Notes on explosives, October 2, 1942.

Major Ross, patent attorney for the Navy…said that perhaps I didn’t know that I was co-inventor in this invention – I do not remember having been told that I was. The invention is on an offset liner for cavity charge.

-Linus Pauling, February 8, 1952.

In February 1952, Linus Pauling was summoned by K.F. Ross, patent attorney for the Navy, to sign an oath and patent application form. The document was titled “Oath, Power of Attorney, and Petition,” and stated that Pauling and Martin A. Paul were the joint inventors of “An Offset Liner for a Cavity Charge Projectile.” Paul had already signed the same application on January 17, 1952. The document also stated that D.C. Snyder and K.W. Wonnell, attorneys affiliated with the Office of Naval Research, would manage the patent application.

When the inventors signed the patent application form, they also agreed to sell their invention to the Navy, which bought the patent from them for the sum of one dollar. It was furthermore stated that

The said Owners hereby agree to execute and deliver unto the Government, upon request, any and all instruments necessary to convey to the Government the full right, title, and interest in and to any substitutions, divisions, or continuations in part of said application.
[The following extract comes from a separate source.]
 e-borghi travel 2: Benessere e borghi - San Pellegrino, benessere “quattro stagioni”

In this way, Pauling simultaneously claimed inventorship and signed away ownership, as well as any other claims to the invention, with one stroke of his pen.
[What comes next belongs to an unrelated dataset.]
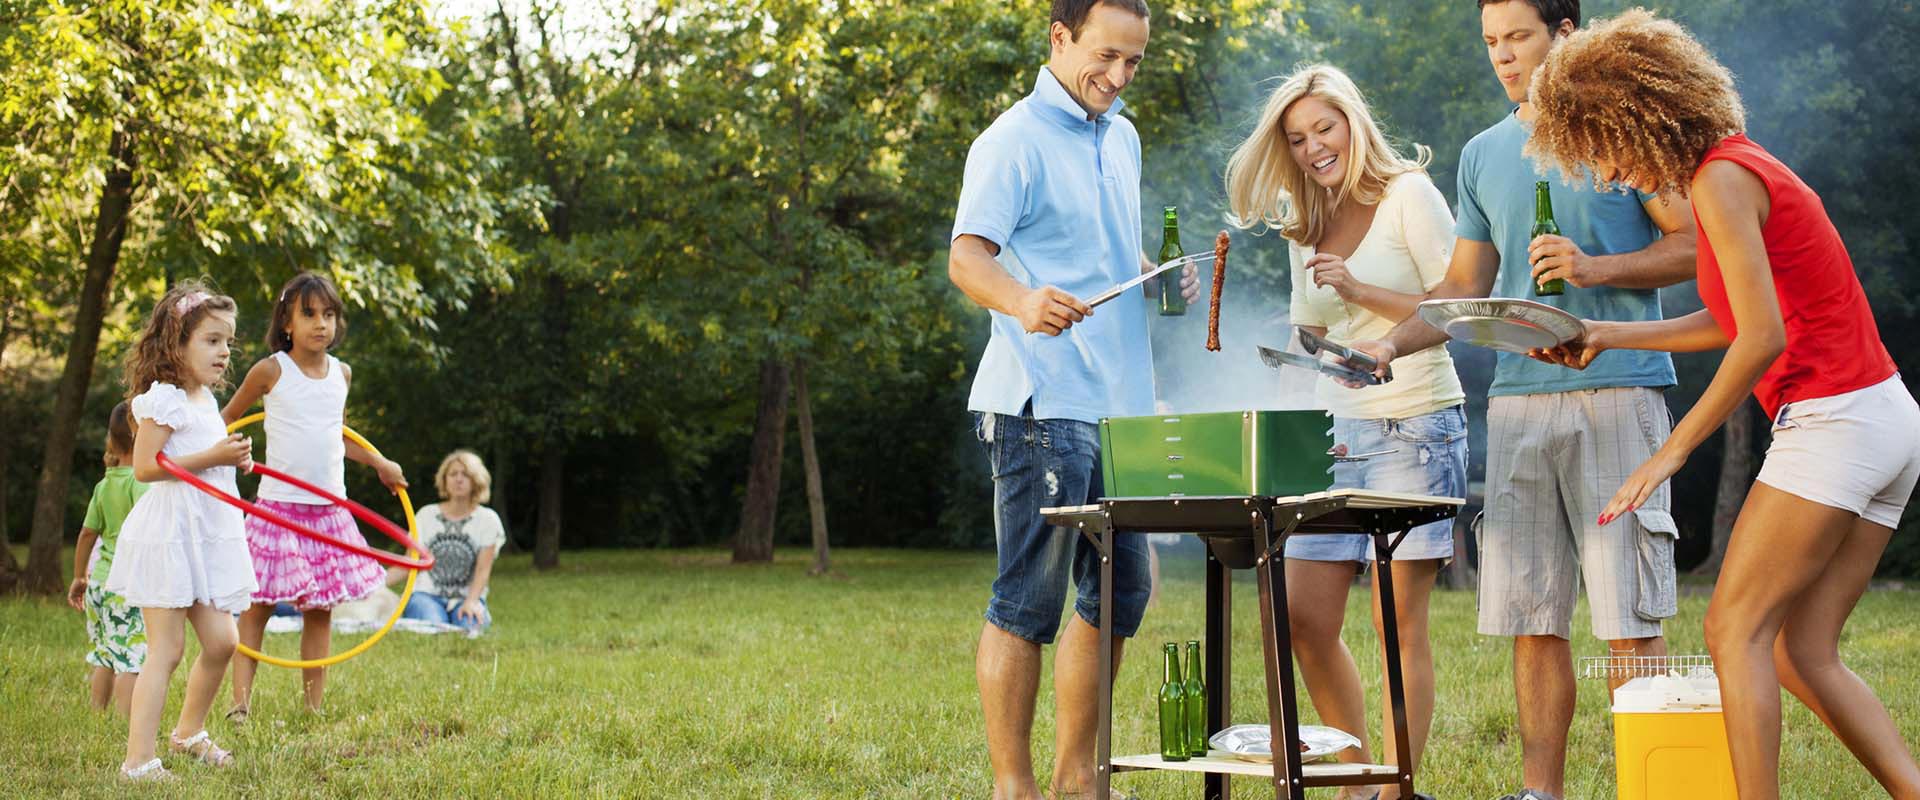 Проводи больше времени с семьей. Семья на пикнике. Семья в саду. Пикник с друзьями на природе. Семья на даче пикник.

As a war-time scientist, Pauling was often called upon by the U.S. government to aid in the defense and protection of the country. During World War II he worked on projects as diverse as an oxygen meter and a human blood substitute. The offset liner for a cavity charge projectile, which Pauling worked on with Martin Paul, was one such project. The timing of the application, coupled with the absence of the cavity charge projectile from Pauling’s research notebooks, suggest that this was another of Pauling’s war work projects, but one that remained top secret until after the war.
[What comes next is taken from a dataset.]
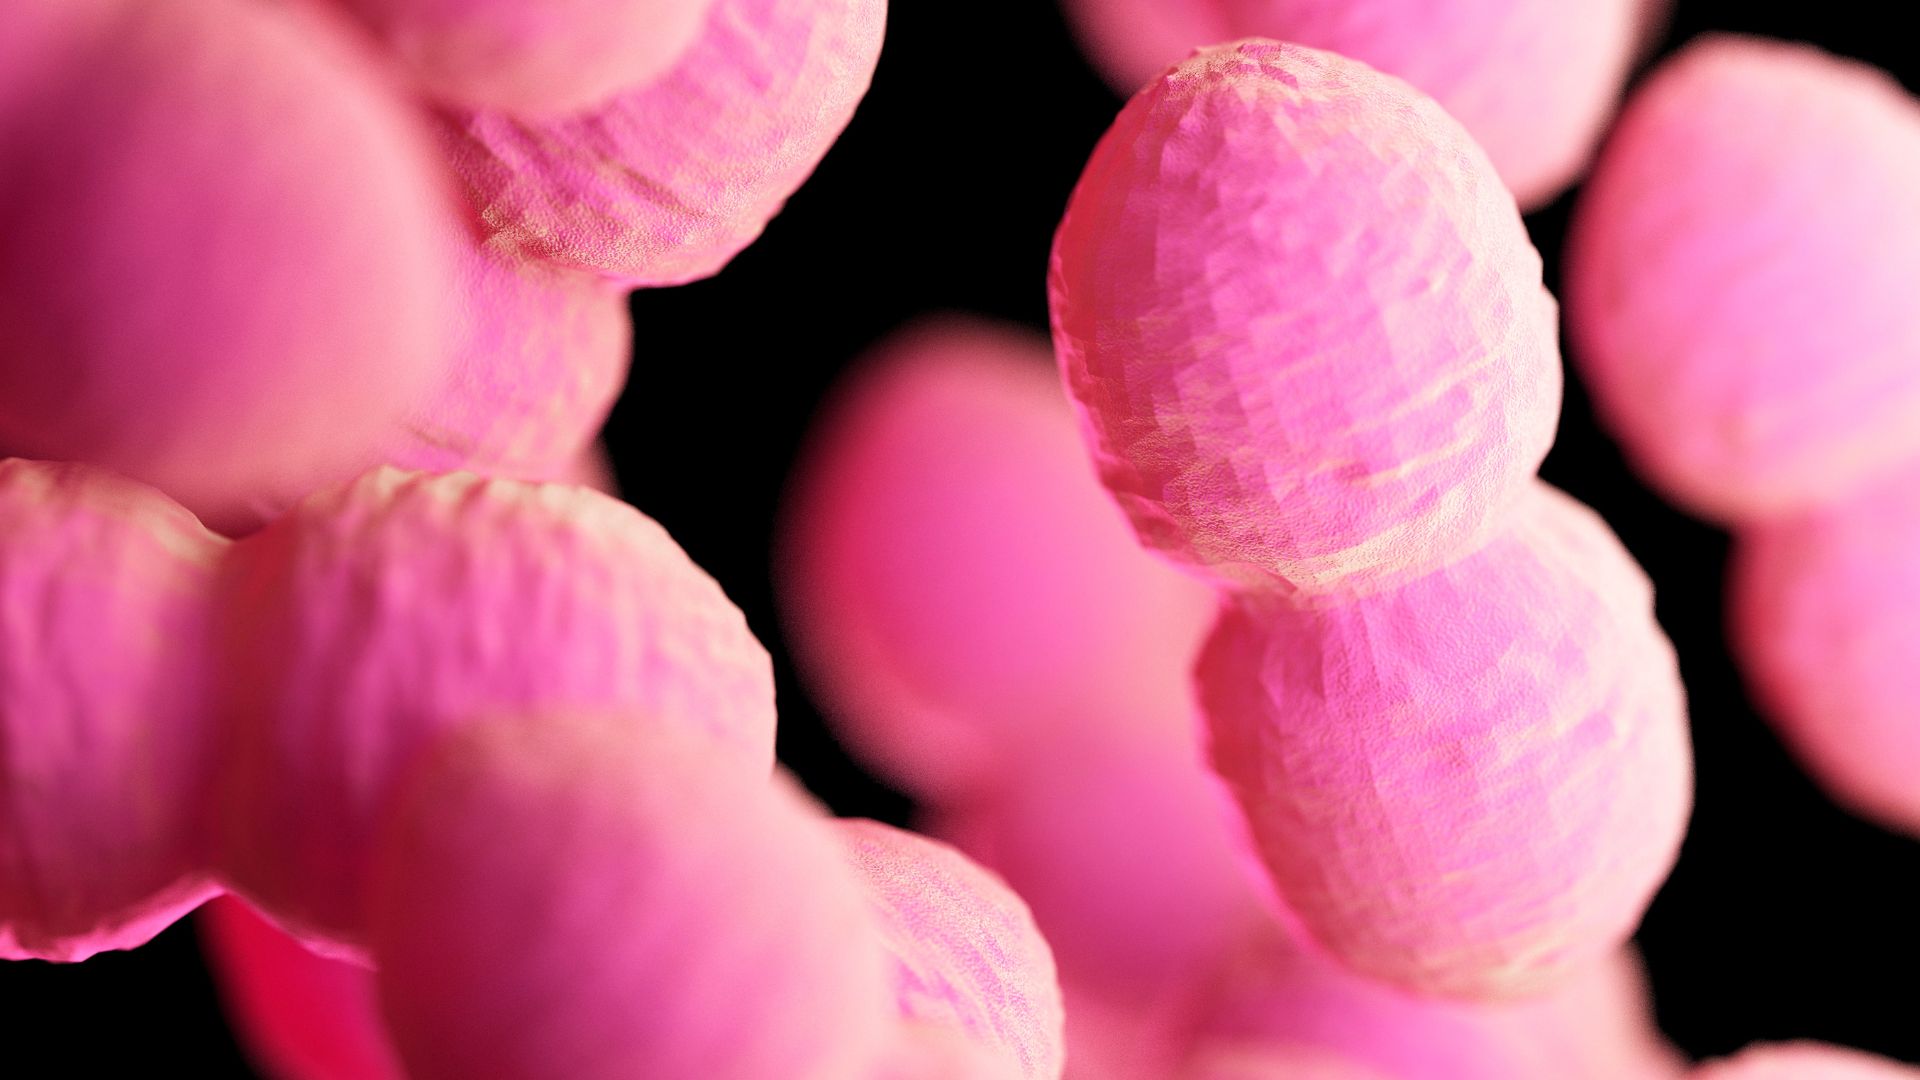 Abbildung von Enterokokken-Bakterien, die in leuchtendem Pink vor schwarzem Hintergrund dargestellt sind

The problem that the researchers endeavored to solve was the stabilization of gun-ejected explosive shells. The contemporary method of stabilization upon which Pauling and Paul were charged to improve was to spin the shells as they were ejected, which was not very efficient. For one, spinning the shells resulted in a fifty percent decrease in the force that the shells could deliver upon impact, as compared to a shell that does not spin. Working together, Pauling and Paul found a creative way to provide stabilization without lessening the impact that the shells could make on their targets.

Diagrams included with Pauling and Paul’s cavity charge projectile patent, November 1965.

The primary object of their project was to improve the penetrating power of a spin-stabilized, cavity charge explosive shell by inventing an improved cavity-charge shell. A cavity-charge shell includes a space around which the explosive is arranged, so that when the explosive detonates, the shaped cavity focuses and increases the detonation, thereby requiring a smaller amount of explosive to deliver a comparable amount of force.

One tactic used by Pauling and Paul in pursuit of increased efficiency was to change the shape of the cavity’s liner. The new and improved model of a cavity-charge projectile utilized a plurality of offset plane sectors which faced in the direction of the shell’s rotation, ostensibly causing the shell to be slowed less by spinning.

Further, in Pauling and Paul’s model, the liner for a cavity-charge projectile was constructed by dividing the conical surface of the cavity into sectors, and tilting each sector slightly towards the preceding sector. According to the duo’s patent, “45 degree steel cones of .062 inch thickness and sectioned in half and in quarters were respectively put together again with silver solder in such a way that adjoining edges were offset with respect to each other.” Upon impact, the force exerted by the explosive in the shell on these sectors would compensate for the slowing of forward motion caused by spin.

Pauling and Paul had been constructing cavity liners by dividing a conical surface into four separate sections which were then twisted or canted relative to each other. But the patent states that a die could be constructed which would enable the structure to be made in a single stamping. As to the efficiency of the offset cavity liner, “It can be seen that for speeds of rotation above about 130 r.p.m., the modified cones were far superior to the unmodified cones.”

Diagrams included with Pauling and Paul’s cavity charge projectile patent, November 1965.

Several variations in the invention emerged with slightly different cavity shapes and other modifications, but the patent concludes that the various versions of the invention all had key features in common. For one, all of them required the offset surface to face the direction of rotation of the shell. Likewise, they required “that there be a plurality of offset sectors where the amount of offset increases from apex to the base of the shell head portion.”

Pauling and Paul’s joint invention, “An Offset Liner for a Cavity Charge Projectile,” U.S. patent number 3, 217, 650, was patented on November 16, 1965, thirteen years after the original application was filed.